It’s summer time in Africa. As we head into the holidays over December and January, the rainy season rears its stormy head ready to bring new life to the dry African savannah. The flourishing cycle of life brings with it many blessings, but on the flip side, it brings a curse in the form of millions upon millions of malaria-carrying mosquitoes.
Sherwin Charles, co-founder of Goodbye Malaria says, “If you’re out and about across the African continent during the rainy season you need to be aware that mosquitoes and rain are the best of friends.”
Why is rain a major contributor to the spread of malaria? As the rains fall, millions of water pools are formed. And where do mosquitoes like to breed? In small pools of water, of course. The more rain, the more pools, the more breeding grounds for mosquito larvae.
“Whether it is potholes, old tyres, a leaf, or a plastic cup left outside, a clutch of mosquito eggs does not require much to hatch, grow and subsequently terrorise the neighbourhood. In fact, mosquito larvae can survive just fine in 1cm of stagnant water,” says Charles.
If you’re in Africa, you must remember another unfortunate fact that ensures the spread of malaria. With higher temperatures, mosquitoes can mature faster and have more time to spread the disease. The malarial parasite also matures more quickly at warmer temperatures – making certain parts of Africa a prime spot for malaria to set up shop.
“If you are travelling to areas like Mozambique, or the Kruger National Park in South Africa this festive season, you need to be prepared,” says Charles. “But that should not deter you from exploring this beautiful continent. There are plenty of ways to defend yourself against mosquitoes.”
From dusk till dawn, when it comes to protection from mosquitoes, here are your options:
- Apply insect repellent to exposed skin
- Close windows and doors at night unless they are screened
- Spray an aerosol insecticide inside the sleeping area
- Burn mosquito coils and mosquito mats in sleeping areas
- Sleep under a mosquito-proof bed-net
- Wear long-sleeved clothing, trousers and socks if outdoors during this time
- In high-risk areas, the use of anti-malaria drugs is recommended from October to May.

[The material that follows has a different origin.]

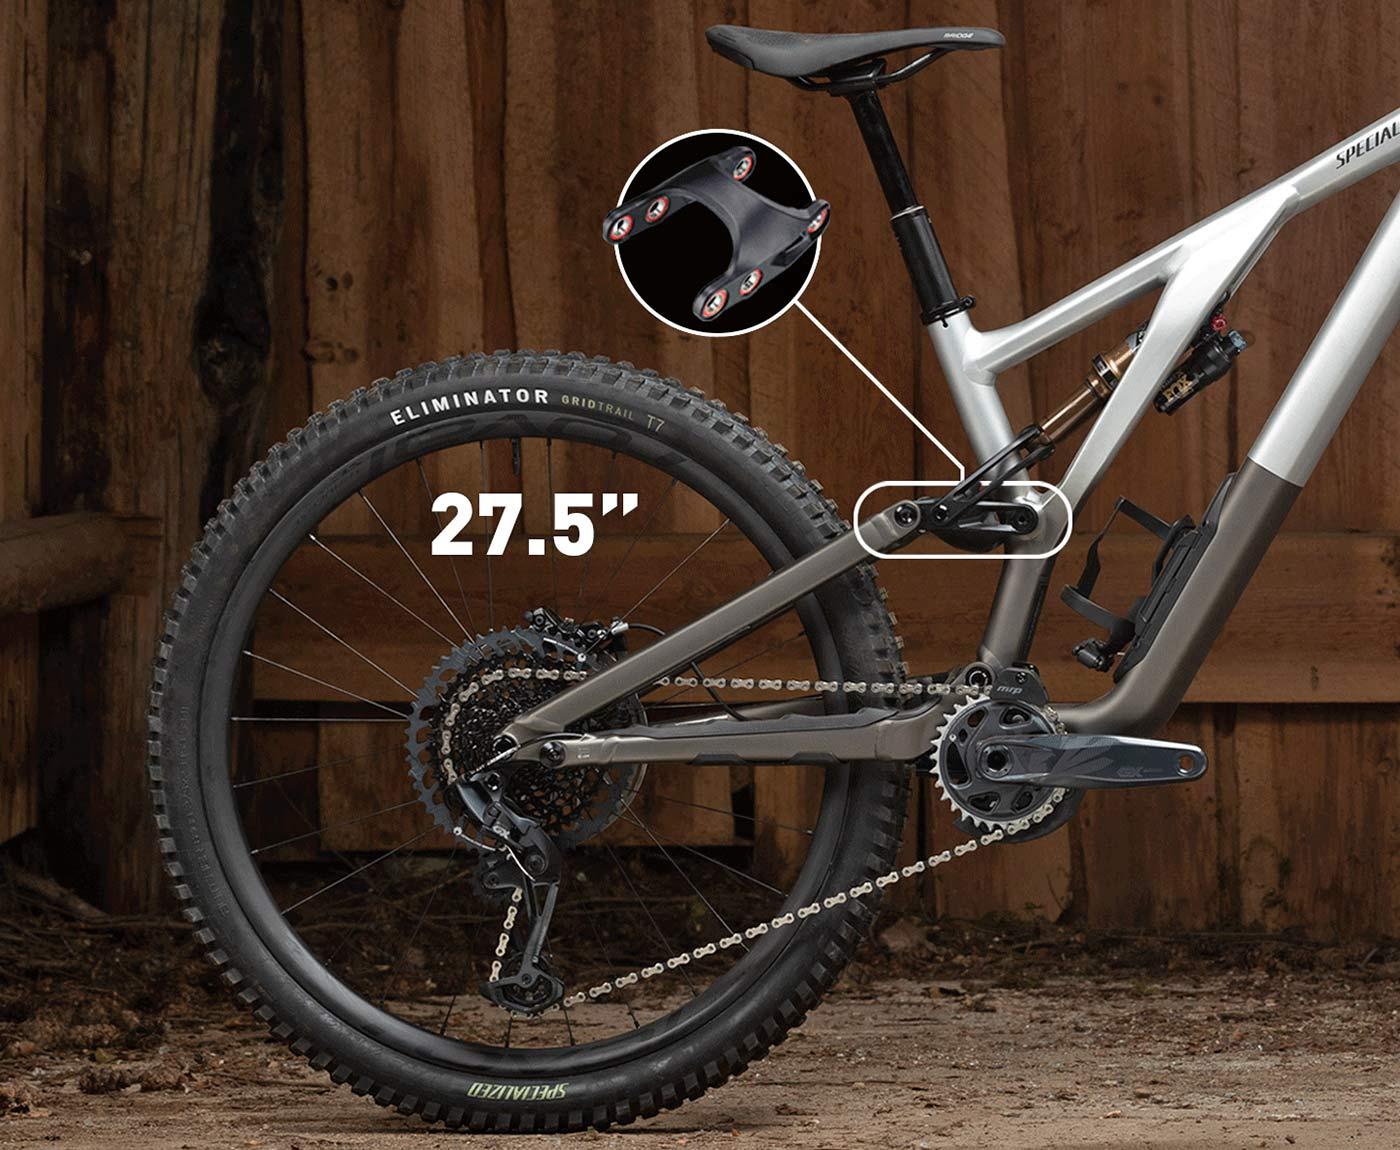 2022 Specialized Stumpjumper EVO Alloy trail bike, mulletlink

- Always consult with your local GP when travelling to a malaria area
Goodbye Malaria is tackling the scourge in southern Africa collaborating with world-class partners, including the Global Fund, private organisations, and the governments of Mozambique, South Africa and Eswatini (formerly Swaziland) in an effort to eradicate this dreaded disease.
“Elimination is achievable,” says Charles. “Through vector control such as indoor residual spraying programmes on the ground, we are getting closer and closer to finally saying ‘goodbye malaria’.”
Goodbye Malaria does most of its work in Mozambique, which is a high transmission country being in top five malaria highest-burden countries. Malaria in Mozambique affects low-transmission countries, South Africa and Eswatini, so it only makes sense to start where solutions are needed most.